We had a link here on setting up the environment for you to actually set up these pipelines
yourselves. If you haven’t already done that, you might want to click there and do
it. You’ll miss my introductory remarks as you focus on creating your account, but
I guess that’s okay. Before I start, I want to tell you that this is a very interactive
session. We have the luxury of having two hours together, so — my colleagues from the
DCC are here and will be circulating around to help you. So if you get stuck at any point,
please just raise your hand and someone will help you. So the people who will be helping are my colleague
Gene Davidson, who’s waving at you from the back, and Mike Cherry [spelled phonetically],
who just introduced the session; Eurie Hong, here in the front; and you’ll meet Ben in
a minute, because he’ll be up here on the stage. And we’re also joined by two colleagues
from DNAnexus. Joe Dale is also in the back, and George Asimenos [spelled phonetically]
as well. So we have a lot of people here who can help you, so at any point, we want this
to be very much a workshop and not a lecture. So, if at any point, you’re hung up and
you want to ask me a question or Ben a question, or just have somebody come and help you, please
just raise your hand. Network issues, we’ll just have to do our best on. So, as Mike said,
if you have multiple devices on the network now, maybe shut down the ones that you’re
not using to free up a few more addresses. Okay, so with that, I will begin — with a
few leading questions, just to give us a chance to know who you are and what you’d like
to learn here. So, just with a show of hands, I’m going to ask some sort of random questions.

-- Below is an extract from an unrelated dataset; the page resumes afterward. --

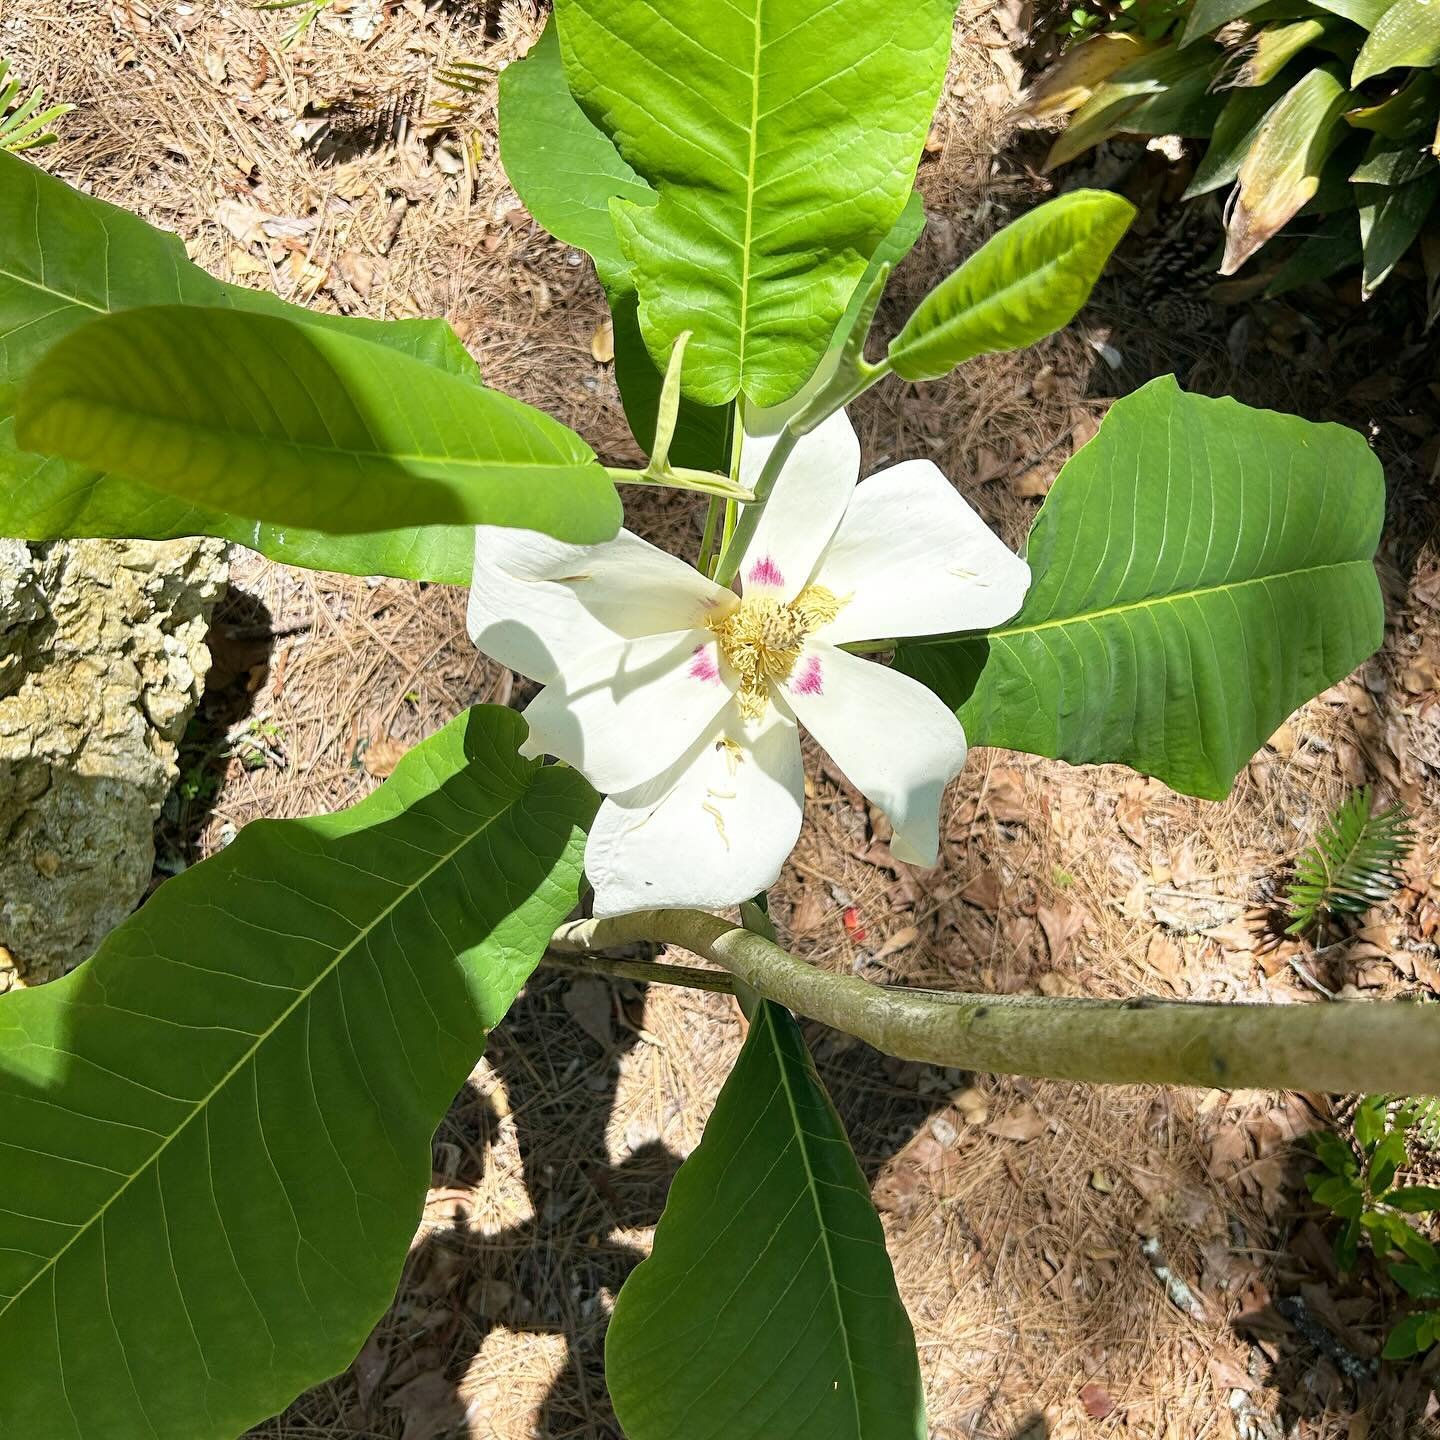 A rare (and native) tree: the Ashe Magnolia. The blooms make their appearance every April. Given its rarity, I think it&rsquo;s an obligation for us to cultivate this plant in our garden and preserve it in our forests. 

*grows best in well-drained s

So how many of you have downloaded ENCODE data and intersected it with your own data?
Okay, that’s good. How many of you have already implemented at your institute a software
pipeline based on what ENCODE has done? Okay, good. How many of you believe that you could
repeat an ENCODE analysis starting from fast cues to generate an IDR threshold at set of
peaks [spelled phonetically]? Okay, that’s a few, that’s good. How many of you want
to repeat the ENCODE analyses on your own data? All right, that’s great, because that’s
why we’re here. And just a general question, how many of you have found in the past that
you needed to access ENCODE data, but you found it difficult or you just didn’t know
where to start? Okay. Hands. That’s okay, too. So, we want to help with all of these.
All right. Thank you for that. So I’ve been writing pipeline code now for
several months, and so everything looks like a pipeline to me now. And so you’re actually
in a pipeline, and I’m going to put this workshop in the context of a pipeline through
this meeting. So yesterday, Eurie showed you the ENCODE portal, which is really a way to
access ENCODE data. And then Pauline and Emily showed you the UCSC Genome Browser and the
Ensemble Browser. Once you’ve accessed ENOCDE data, how do you visualize it? And then Emily
and Jill showed you some tools for actually interpreting ENCODE data. And right now Ben
and I are going to talk about how the data, how the processed data, are actually generated
through these processing pipelines. And then in the next workshop you’ll get to explore
some advanced analysis methods from Michael and Yanli and Luca and Cameron. So that’s
sort of where we are right now, in the overall scheme of the workshop, is just to talk about
how analysis data in ENCODE are generated. So you might know that the DCC, the Data Coordinating
Center, delivers all of the ENCODE data to you through the ENCODE portal, so all of that
data actually exists on the Cloud in an Amazon bucket. And when you download files from the
portal, they actually come out of this bucket. And you can use the ENCODE portal to search
and find that data, both the primary data and also processed data. The DCC also delivers
through the portal’s metadata, the information about these transformations from sample to
library to primary data that help you — that help to justify your interpretation of ENCODE
data in biological terms. So these are the things like antibody specificity in a ChIP-seq
experiment, the properties of DNA libraries that are sequenced, maybe protocol documents;
all of that available through the ENCODE portal, sort of the metadata that describes the experiments
that ENCODE has done. So we’re pretty good at that, but one thing
that has not been as well described, I think, are the transformations between primary data
to processed data. And that’s what the pipelines do. They take the primary data from the experiments,
and then they turn it into something that you might visualize at the USCS Genome Browser,
or that you might take into subsequent statistical analyses of your own. So to try to improve
the transparency of this process and the repeatability of the process, we started this project at
the DCC of deploying the defined ENCODE processing pipelines. And for the project, we had the
following goals. And I’m going to go through these goals now because really the figure
of merit for our workshop is, at the end, we hope that you will feel that we have met
some of these goals. But this is what we’re trying to accomplish. So first is to deploy the consortium-defined
processing pipelines for four key experiment types — ChIP-seq, RNA-seq, DNase, and whole
genome bisulphite sequencing for DNA methylation measurements. At the DCC we are the ones who
actually use the pipelines to generate the standard set of peak calls or quantitations,
or methylation calls that make up sort of the core set of analysis files from ENCODE.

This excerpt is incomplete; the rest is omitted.